A yearlong moratorium against publishing or even doing this kind of research was suggested and at least partly followed.  But the moratorium has ended, with little resolution about the kind of work and how, where, or whether it should be done.  Scientists doing the work defend it, of course, even if acknowledging some slight risk that the engineered virus could escape.  But the justification is that the risk is small and that viral pandemics are inevitably in our future just because of mutation and selection in nature, and that this research could teach us enough to somehow anticipate or prevent such outbreaks.
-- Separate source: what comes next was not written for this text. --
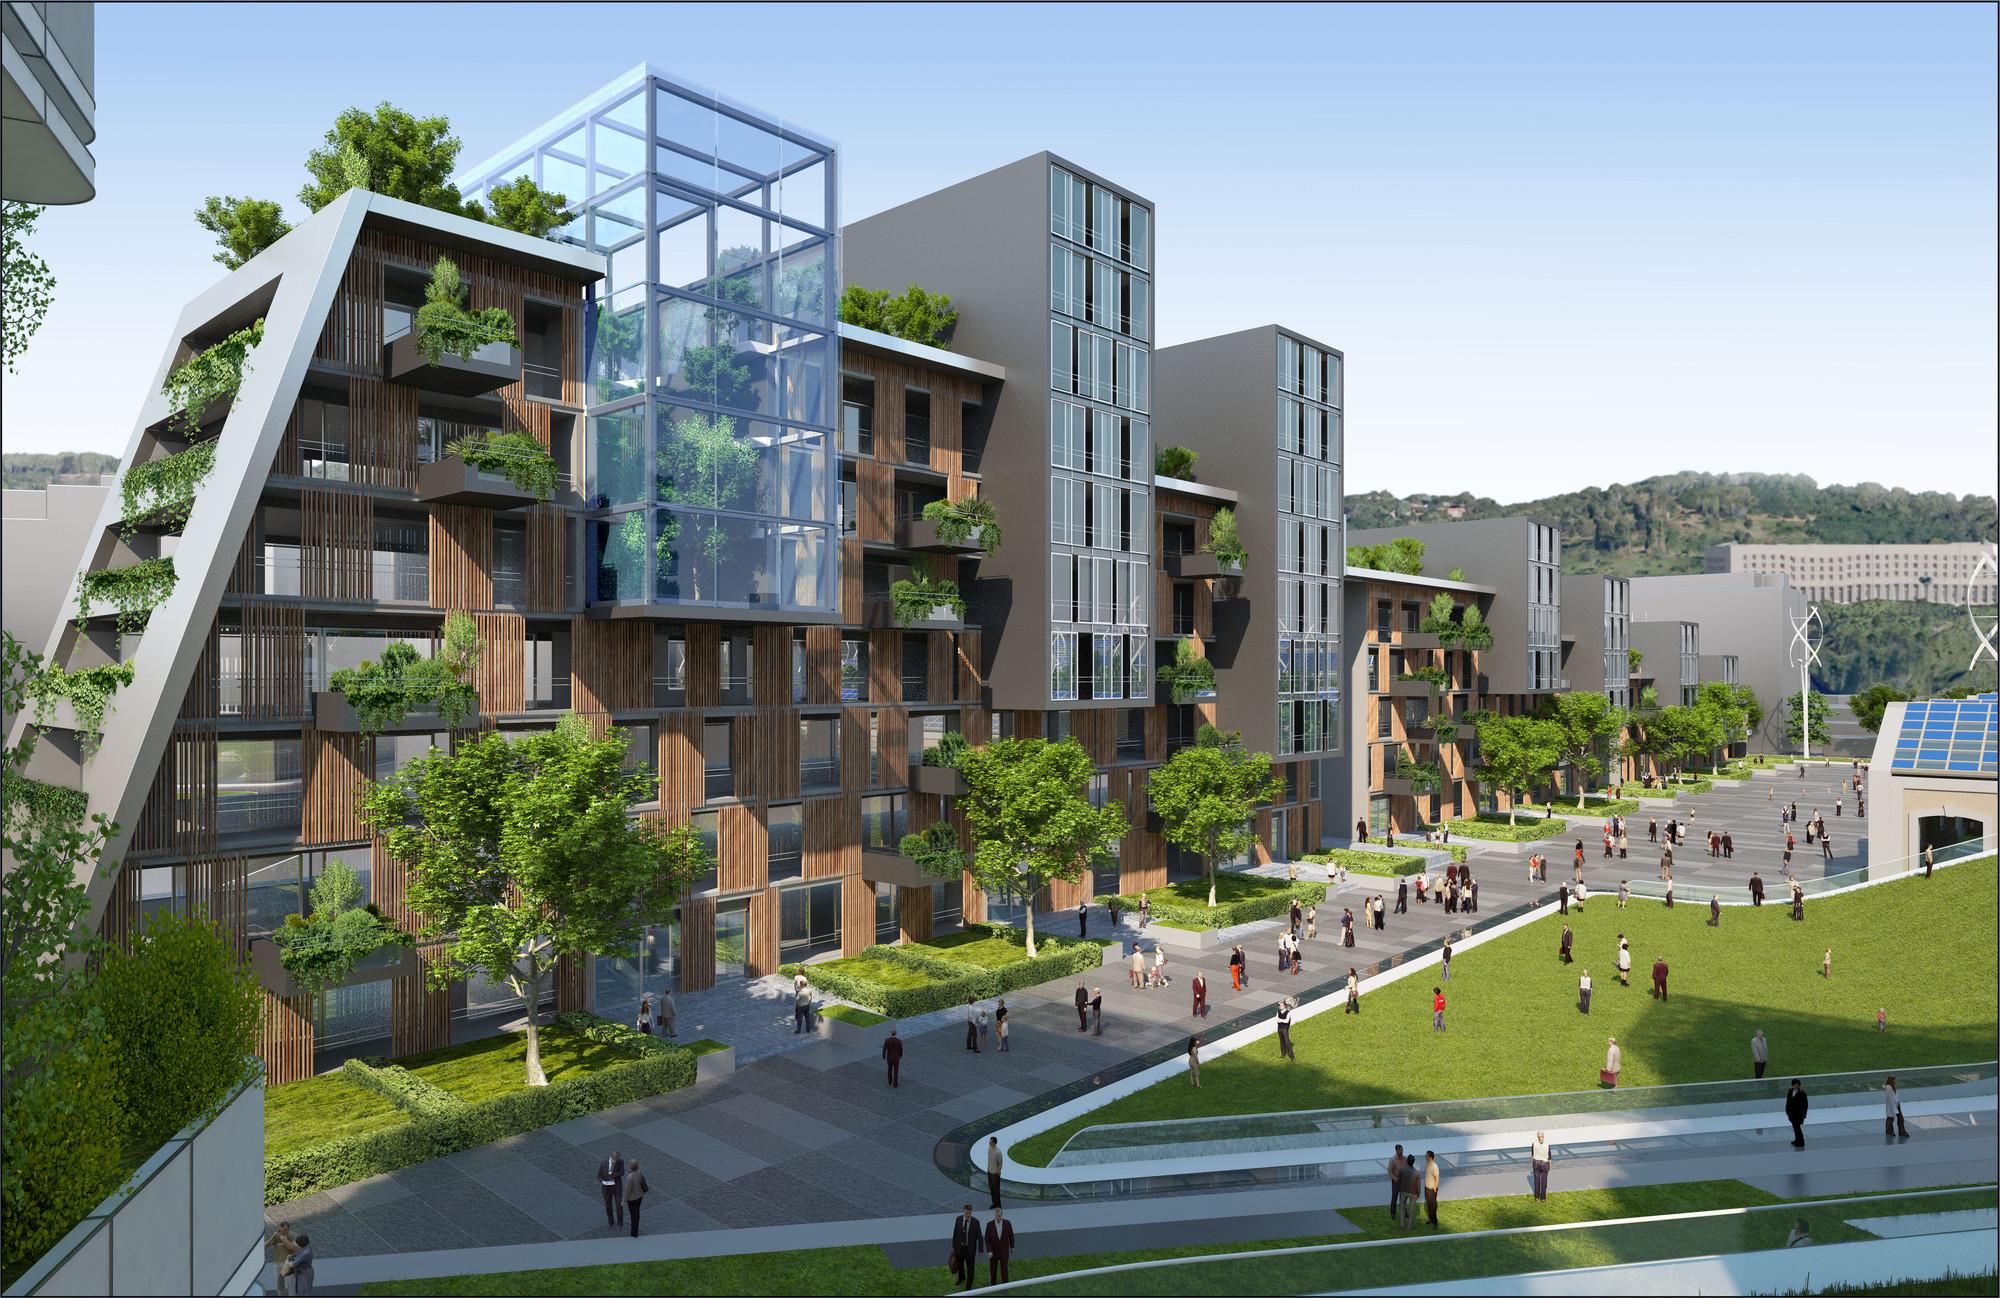 Citt della scienza masterplan predicts future of self for Atlanta residential architects

Should we worry that a terrorist might learn the techniques from that public-spirited scientific literature and create devastation in his basement lab? One of the guests on the show said that the risk is so slight that it shouldn't be a consideration.  That isn't even the right question, I don't believe.  It isn't wild-catting individuals, but nation states, or groups funded by them, who would be most likely to engineer viral mayhem for political or military purposes.

The Snowden  Factor
Given the history of leaked secrets, or Snowden-like leaking of the existence of secrets, that has taken place in recent history, this isn't far-fetched.  Of the many workers, from students to faculty to who knows who else, who would be involved in viral engineering experiments, or the scientists with government funds who read Nature and learn what you need to start up a lab of this type, does anyone think it is all that unlikely that if not other countries, at least some disgruntled worker or one whose politics differ from the host lab director's, etc., would take the secrets to some highest bidder?  The risks should not be minimized. And, of course, if one thinks of the Snowden factor, which hostile governments (who can also read Nature) might already be up to this kind of stuff, for military or geopolitical, or even defensive purposes? 
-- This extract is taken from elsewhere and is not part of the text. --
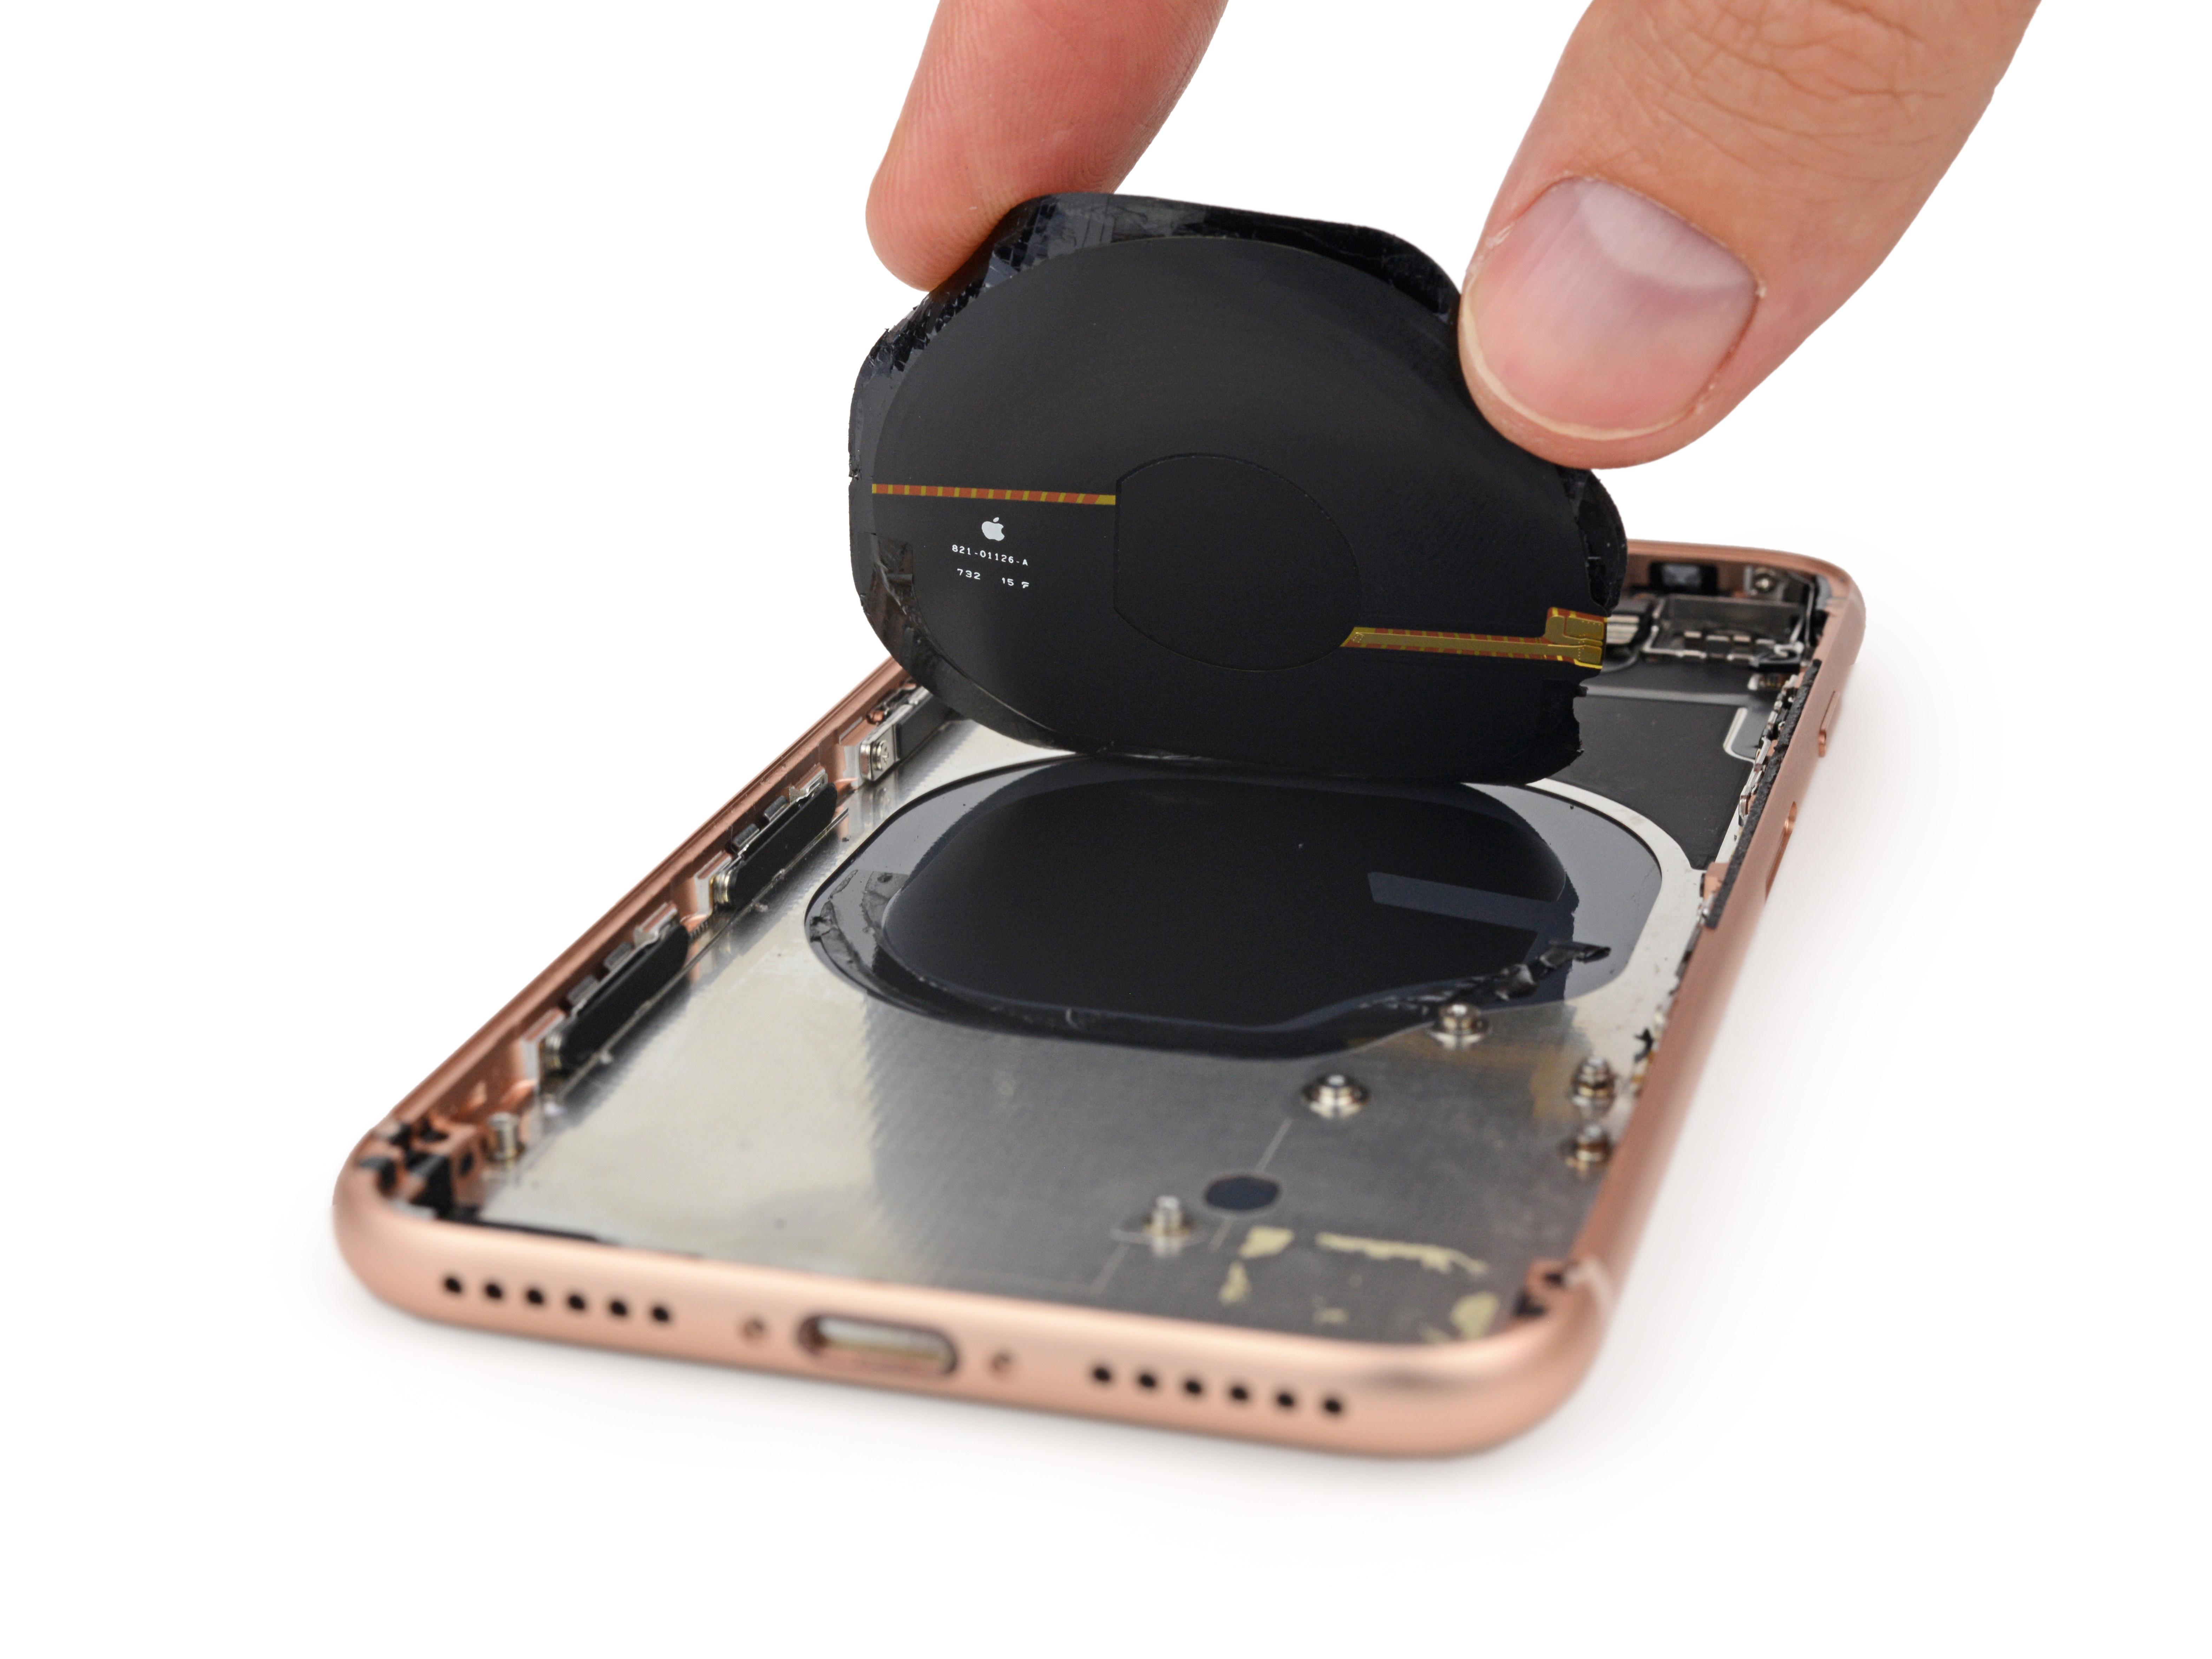 Malla en la zona de obligación inalámbrica del <strong>iPhone</strong>® 8

The Pandora's box argument
A common rationale scientists give for not having their work hands tied is that science is about nature, and if we don't investigate some subject somebody else will, so let us just carry on.  It's government's job to prevent abuse, isn't it?  This is the selfish argument, whether or not there is anything malicious behind it in an individual case.  But society does have the right and the precedent for keeping Pandora's box closed.  At least to some, if highly inadequate extent, our institutional review boards (IRBs) have to approve all university and government research before it can be done.  And while torture is in fact visited on countless laboratory animals with the IRBs' blessings, they do at least prohibit some things.   You can't put toxin in dining hall food to see how any people get sick, not even if you were to get students' permission first.  Science is, in some minimal sense at least, already censored.  We are not morally required to recognize that the world is out there, and anything some scientist wants to know about it is fair game.
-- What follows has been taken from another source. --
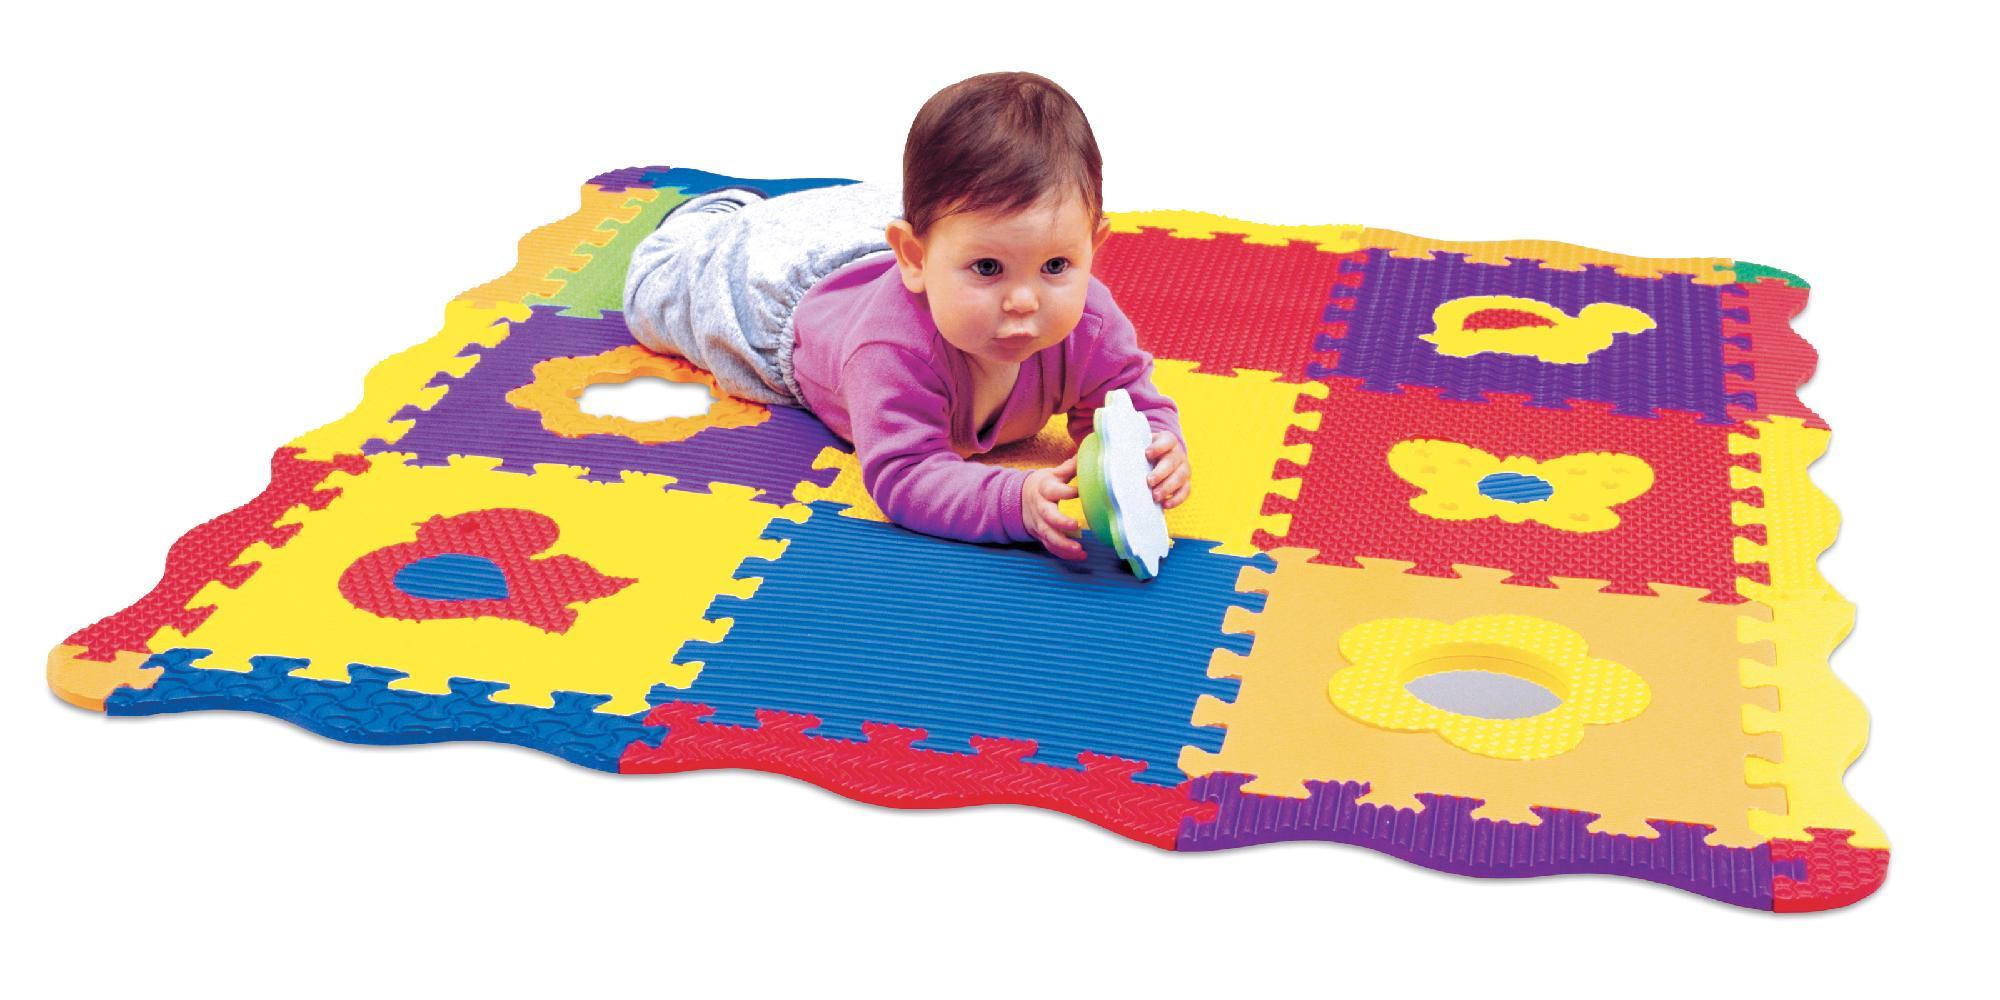 Детский коврик-пазл: в чем его преимущества и какой лучше выбрать?

Yet the problems are real, and maybe science can help
Greedy and self-interested as we scientists are, it is only proper to recognize that many of us are not in it just for the money.   We have a sometimes compulsive and relentless desire to understand and ameliorate problems of the world.  Viral epidemics, that could be lethal to millions or more, certainly qualify.  Scientists aren't just venal for grants, we need them to pay for our staff and equipment and so on.  We are imperfect and follow fads, but our methods are not just faddish but often do work in ways we hope.  We have a lot of understanding of genes, pathogen-host evolution, and epidemiology to be able to understand problems like we're discussing and often we can, indeed, do something about them.

So if we don't let scientists do this, we prevent what they might achieve.  We should not stifle their work for trivial reasons.